Few-shot point cloud semantic segmentation aims to accurately segment "unseen" new categories in point cloud scenes using limited labeled data. However, pretraining-based methods not only introduce excessive time overhead but also overlook the local structure representation among irregular point clouds. To address these issues, we propose a pretraining-free local structure fitting network for few-shot point cloud semantic segmentation, named TaylorSeg. Specifically, inspired by Taylor series, we treat the local structure representation of irregular point clouds as a polynomial fitting problem and propose a novel local structure fitting convolution, called TaylorConv. This convolution learns the low-order basic information and high-order refined information of point clouds from explicit encoding of local geometric structures. Then, using TaylorConv as the basic component, we construct two variants of TaylorSeg: a non-parametric TaylorSeg-NN and a parametric TaylorSeg-PN. The former can achieve performance comparable to existing parametric models without pretraining. For the latter, we equip it with an Adaptive Push-Pull (APP) module to mitigate the feature distribution differences between the query set and the support set. Extensive experiments validate the effectiveness of the proposed method. Notably, under the 2-way 1-shot setting, TaylorSeg-PN achieves improvements of +2.28% and +4.37% mIoU on the S3DIS and ScanNet datasets respectively, compared to the previous state-of-the-art methods. Our code is available at https://github.com/changshuowang/TaylorSeg.

Paper Structure

This paper contains 21 sections, 16 equations, 3 figures, 5 tables.

Figures (3)

  • Figure 1: Top: Most existing methods are based on fine-tuning a pre-trained DGCNN, followed by using query features to guide and align the prototype features. This strategy is not only time-consuming but also overlooks the importance of local structure representation. Bottom: We propose a new backbone for point cloud tasks that requires no pre-training and possesses strong local structure representation capabilities. Additionally, we design an APP module that effectively aligns query features with prototype features.
  • Figure 2: (a) The overall architecture of TaylorSeg.
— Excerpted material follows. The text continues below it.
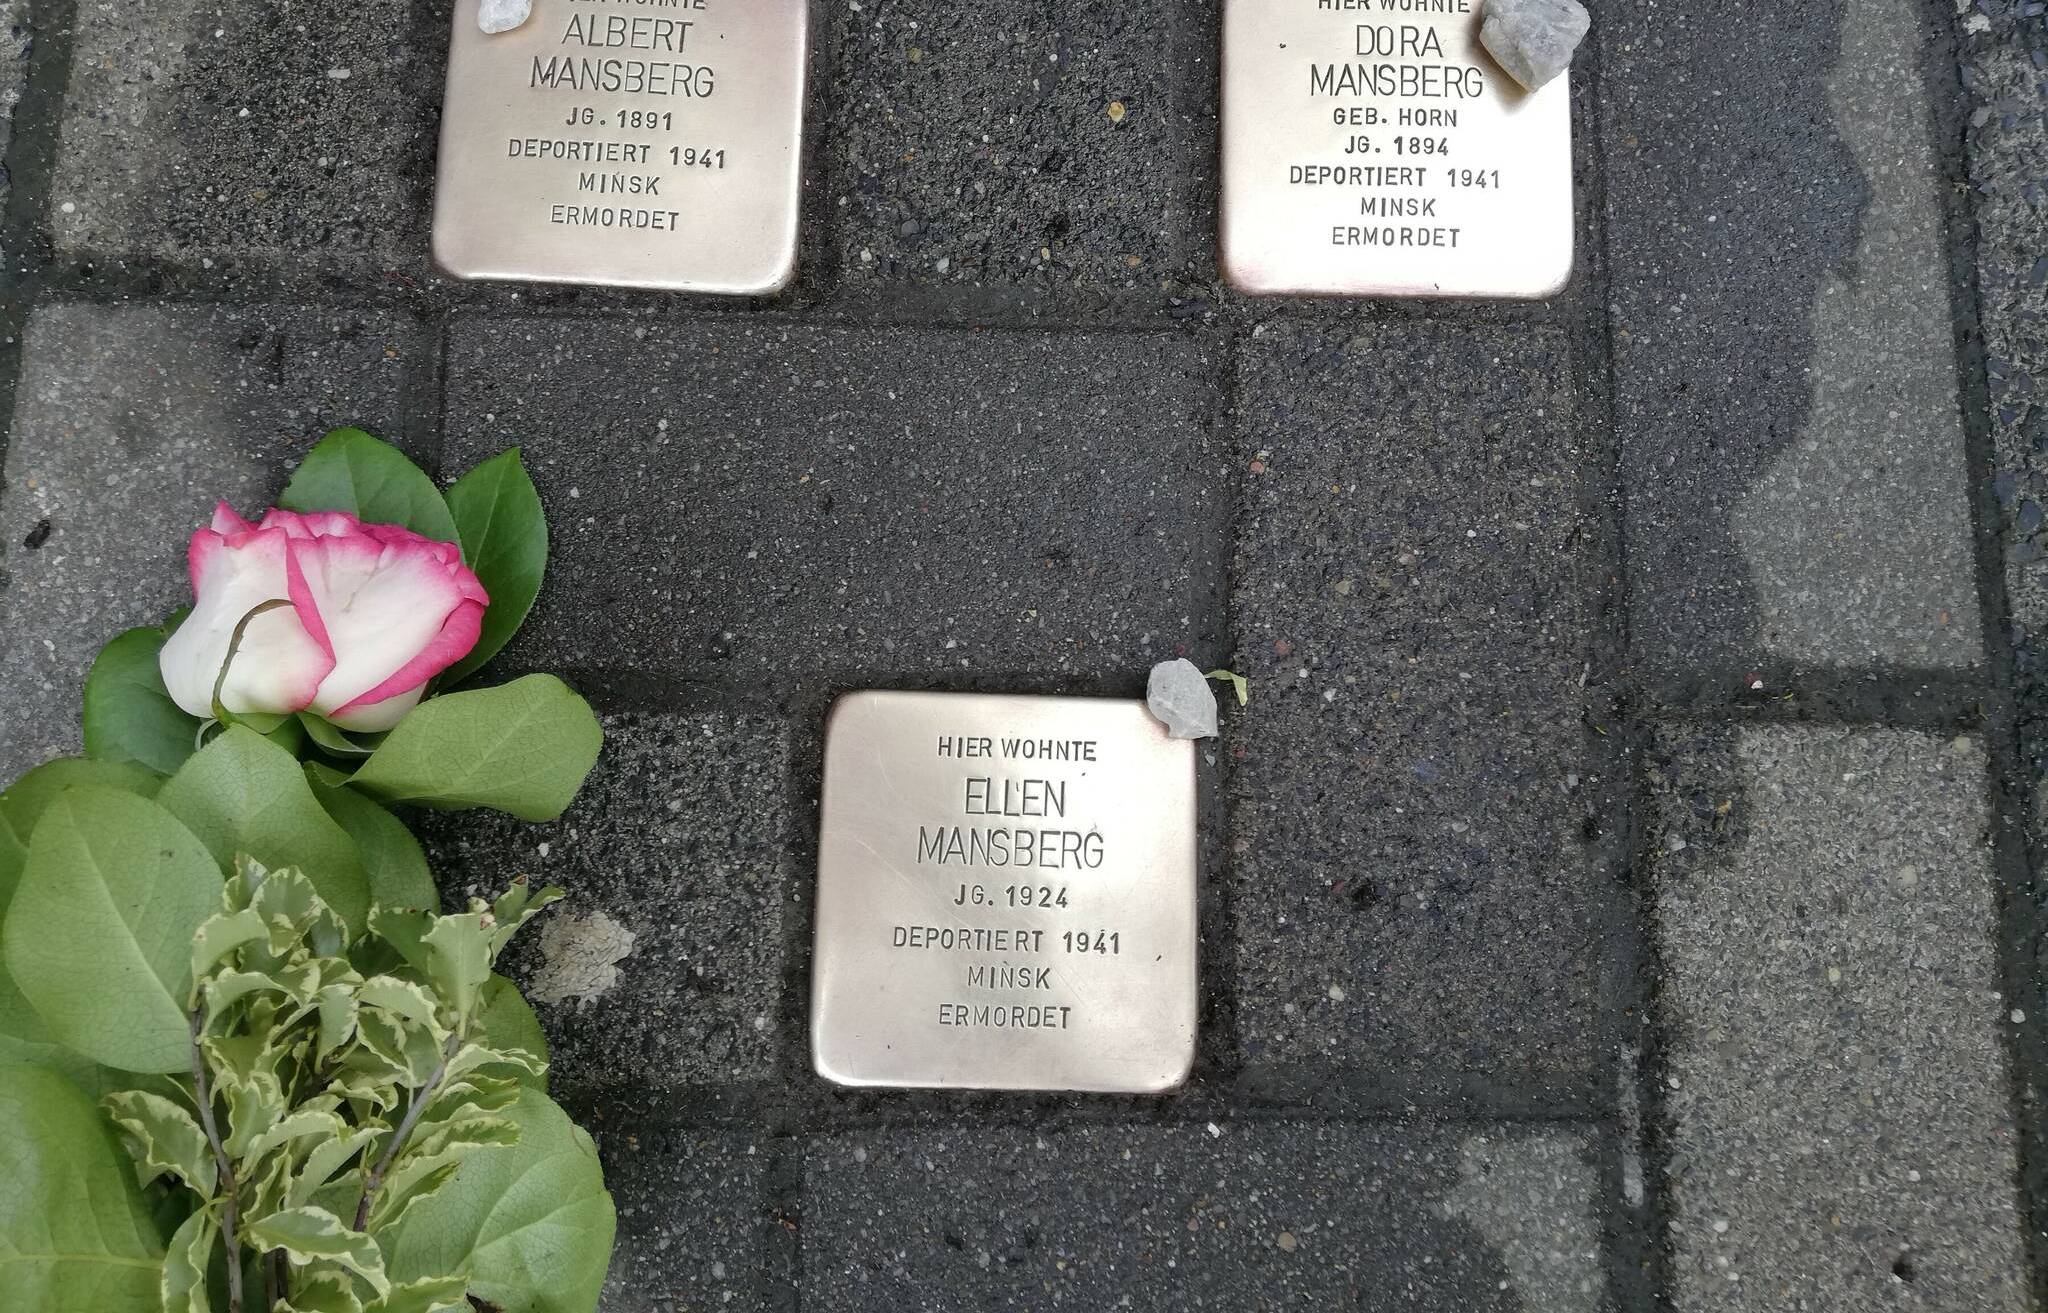  Die Stolpersteine glänzen wieder: Am 21. März säuberten drei Wuppertaler die Gedenksteine, legten Rosen ab und kleine Steine vom Gut Winkel (Spreenhagen). 
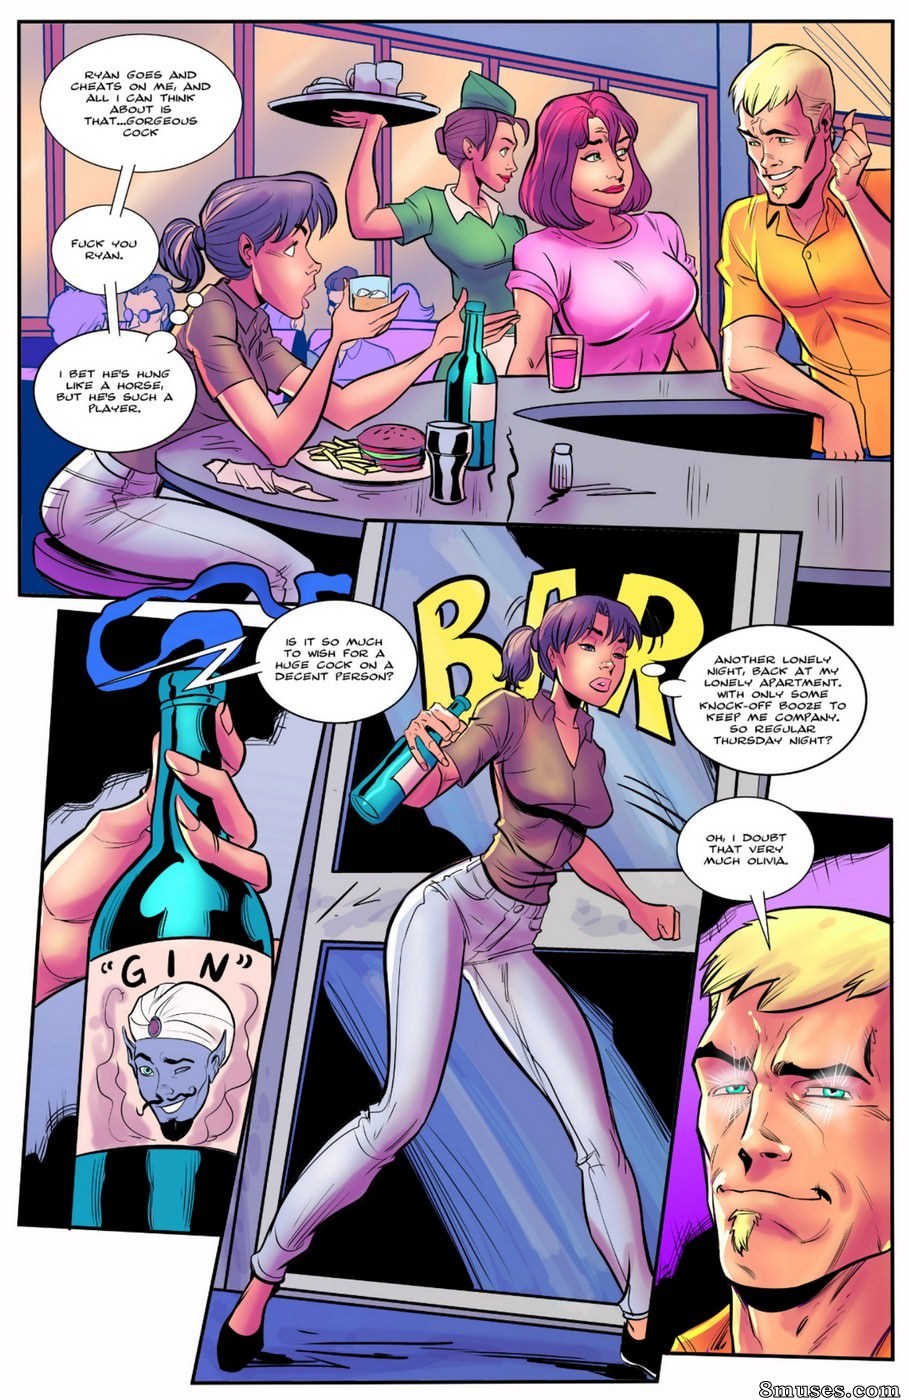 Horse Dickgirl Sex Comics - Futa & Friends Issue 1 - 8muses Comics - Sex Comics and Porn Cartoons

It centers around TayConv, a locally feature extraction module inspired by the Taylor series. TayConv forms the Taylor Block when combined with the FPS operation, and stacking these blocks along with upsampling operations constitutes our backbone network. TaylorSeg has two variants: for TaylorSeg-NN, the APP module is replaced with masked average pooling, allowing direct testing without training. For TaylorSeg-PN, both the TaylorConv and APP modules are optimized during training before testing. (b) The data flow diagram of the APP module. It is primarily designed for TaylorSeg-PN. It is not only parameter-efficient but also significantly reduces the feature distribution discrepancy between the query and support sets. Additionally, it is plug-and-play, making it compatible with many few-shot methods.
  • Figure 3: Ablation for Number of Encoder Layers in 2-way-1-shot setting on the S3DIS dataset.